The action is an integer representing the direction to slide the tiles:

| Direction | Action |

|-----------|--------|

| 0         | UP     |

| 1         | RIGHT  |

| 2         | DOWN   |

| 3         | LEFT   |

### Observation Space

The observation is a 3D `ndarray` encoding the board state. It is encoded into 16 channels, where each channel is a 4x4

binary image. The i-th channel marks each cell of the game position that contains the i-th tile as 1, and 0 otherwise.

Each channel represents the positions of empty cells, 2-tiles, 4-tiles, ... , and 32768-tiles, respectively.

![Observation](./figures/observation.png)

This representation is mostly used for deep convolutional neural networks (DCNN).

### Rewards

At each step, for each tile merge, the player gains a reward

equal to the value of the new tile.

The total reward, corresponding to the game score, is the

sum of rewards obtained throughout the game.

### Starting State

The game starts with two randomly generated tiles.
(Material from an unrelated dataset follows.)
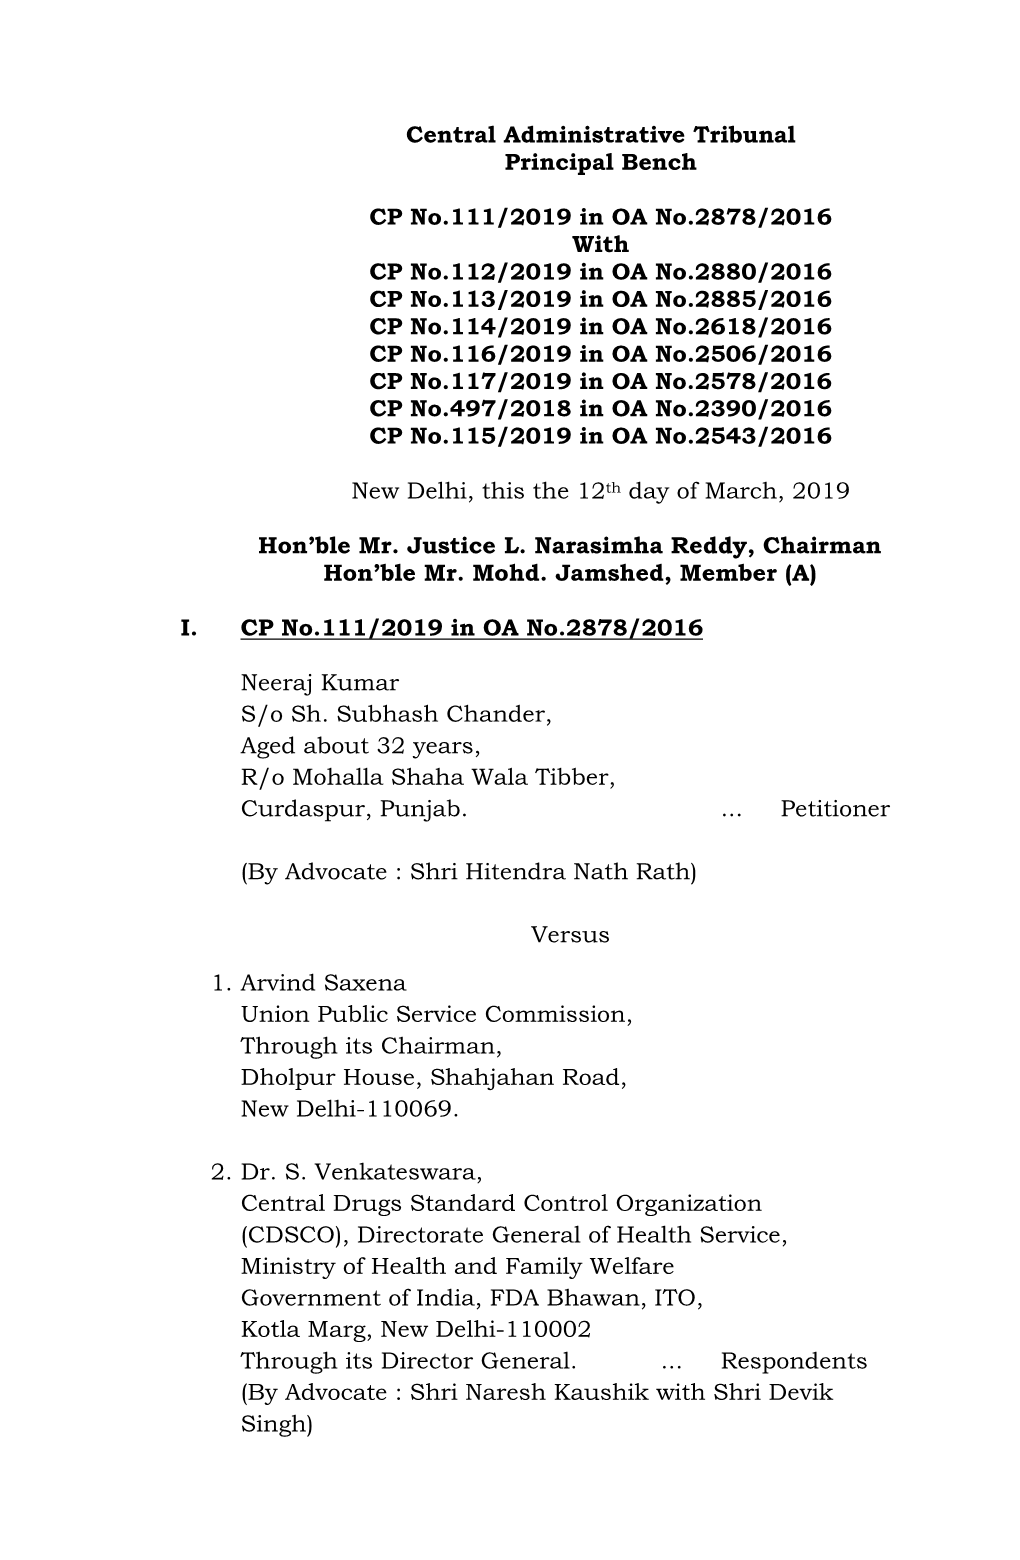 Central Administrative Tribunal Principal Bench CP No.111/2019 In

A 2-tile can be generated with probability 0.9 and a 4-tile with

probability 0.1.

### Episode End

The episode ends if there are no legal moves, i.e., all squares are occupied and there are no two adjacent tiles sharing

the same value.

### Arguments

- `size`: the size of the game board. The default value is 4.

- `max_pow`: the maximum power of 2 allowed. The default value is 16.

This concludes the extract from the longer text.